- [DIRECTIONS FOR THIS TASK]:
Print the listing once more, exactly as written.

- [PROVIDED MATERIAL]:
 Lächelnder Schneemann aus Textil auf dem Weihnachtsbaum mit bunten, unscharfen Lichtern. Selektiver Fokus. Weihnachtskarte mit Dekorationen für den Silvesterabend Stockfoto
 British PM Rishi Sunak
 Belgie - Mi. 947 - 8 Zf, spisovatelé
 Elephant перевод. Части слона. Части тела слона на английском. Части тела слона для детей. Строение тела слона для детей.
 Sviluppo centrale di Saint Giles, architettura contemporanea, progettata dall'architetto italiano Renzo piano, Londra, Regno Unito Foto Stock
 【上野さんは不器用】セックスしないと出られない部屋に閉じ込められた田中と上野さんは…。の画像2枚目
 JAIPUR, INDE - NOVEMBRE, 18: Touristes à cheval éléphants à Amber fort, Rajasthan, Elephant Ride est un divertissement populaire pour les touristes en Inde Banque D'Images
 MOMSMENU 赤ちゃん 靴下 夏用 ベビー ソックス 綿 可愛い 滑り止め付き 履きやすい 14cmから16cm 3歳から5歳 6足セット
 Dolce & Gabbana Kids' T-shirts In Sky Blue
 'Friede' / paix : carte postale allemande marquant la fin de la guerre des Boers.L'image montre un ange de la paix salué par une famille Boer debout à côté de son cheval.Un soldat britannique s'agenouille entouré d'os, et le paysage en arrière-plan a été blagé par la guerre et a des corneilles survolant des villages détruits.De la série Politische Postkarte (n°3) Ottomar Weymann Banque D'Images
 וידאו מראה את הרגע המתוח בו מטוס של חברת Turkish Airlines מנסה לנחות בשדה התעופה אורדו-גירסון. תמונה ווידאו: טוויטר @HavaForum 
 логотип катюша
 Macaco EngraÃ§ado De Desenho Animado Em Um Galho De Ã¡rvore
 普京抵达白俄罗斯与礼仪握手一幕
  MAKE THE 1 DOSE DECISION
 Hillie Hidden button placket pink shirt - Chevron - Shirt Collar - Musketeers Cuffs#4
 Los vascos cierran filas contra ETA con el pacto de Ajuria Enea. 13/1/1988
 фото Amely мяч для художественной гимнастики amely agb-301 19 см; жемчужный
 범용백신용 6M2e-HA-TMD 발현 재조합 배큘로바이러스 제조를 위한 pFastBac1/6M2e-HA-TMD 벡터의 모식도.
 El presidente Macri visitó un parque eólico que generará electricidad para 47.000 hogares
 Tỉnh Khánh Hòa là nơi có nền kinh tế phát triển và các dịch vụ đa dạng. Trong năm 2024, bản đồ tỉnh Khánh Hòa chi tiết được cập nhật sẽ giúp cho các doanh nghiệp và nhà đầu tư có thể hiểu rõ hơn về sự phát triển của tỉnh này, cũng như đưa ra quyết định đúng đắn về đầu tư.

- [PROBLEM SOLUTION]:
 Lächelnder Schneemann aus Textil auf dem Weihnachtsbaum mit bunten, unscharfen Lichtern. Selektiver Fokus. Weihnachtskarte mit Dekorationen für den Silvesterabend Stockfoto
 British PM Rishi Sunak
 Belgie - Mi. 947 - 8 Zf, spisovatelé
 Elephant перевод. Части слона. Части тела слона на английском. Части тела слона для детей. Строение тела слона для детей.
 Sviluppo centrale di Saint Giles, architettura contemporanea, progettata dall'architetto italiano Renzo piano, Londra, Regno Unito Foto Stock
 【上野さんは不器用】セックスしないと出られない部屋に閉じ込められた田中と上野さんは…。の画像2枚目
 JAIPUR, INDE - NOVEMBRE, 18: Touristes à cheval éléphants à Amber fort, Rajasthan, Elephant Ride est un divertissement populaire pour les touristes en Inde Banque D'Images
 MOMSMENU 赤ちゃん 靴下 夏用 ベビー ソックス 綿 可愛い 滑り止め付き 履きやすい 14cmから16cm 3歳から5歳 6足セット
 Dolce & Gabbana Kids' T-shirts In Sky Blue
 'Friede' / paix : carte postale allemande marquant la fin de la guerre des Boers.L'image montre un ange de la paix salué par une famille Boer debout à côté de son cheval.Un soldat britannique s'agenouille entouré d'os, et le paysage en arrière-plan a été blagé par la guerre et a des corneilles survolant des villages détruits.De la série Politische Postkarte (n°3) Ottomar Weymann Banque D'Images
 וידאו מראה את הרגע המתוח בו מטוס של חברת Turkish Airlines מנסה לנחות בשדה התעופה אורדו-גירסון. תמונה ווידאו: טוויטר @HavaForum 
 логотип катюша
 Macaco EngraÃ§ado De Desenho Animado Em Um Galho De Ã¡rvore
 普京抵达白俄罗斯与礼仪握手一幕
  MAKE THE 1 DOSE DECISION
 Hillie Hidden button placket pink shirt - Chevron - Shirt Collar - Musketeers Cuffs#4
 Los vascos cierran filas contra ETA con el pacto de Ajuria Enea. 13/1/1988
 фото Amely мяч для художественной гимнастики amely agb-301 19 см; жемчужный
 범용백신용 6M2e-HA-TMD 발현 재조합 배큘로바이러스 제조를 위한 pFastBac1/6M2e-HA-TMD 벡터의 모식도.
 El presidente Macri visitó un parque eólico que generará electricidad para 47.000 hogares
 Tỉnh Khánh Hòa là nơi có nền kinh tế phát triển và các dịch vụ đa dạng. Trong năm 2024, bản đồ tỉnh Khánh Hòa chi tiết được cập nhật sẽ giúp cho các doanh nghiệp và nhà đầu tư có thể hiểu rõ hơn về sự phát triển của tỉnh này, cũng như đưa ra quyết định đúng đắn về đầu tư.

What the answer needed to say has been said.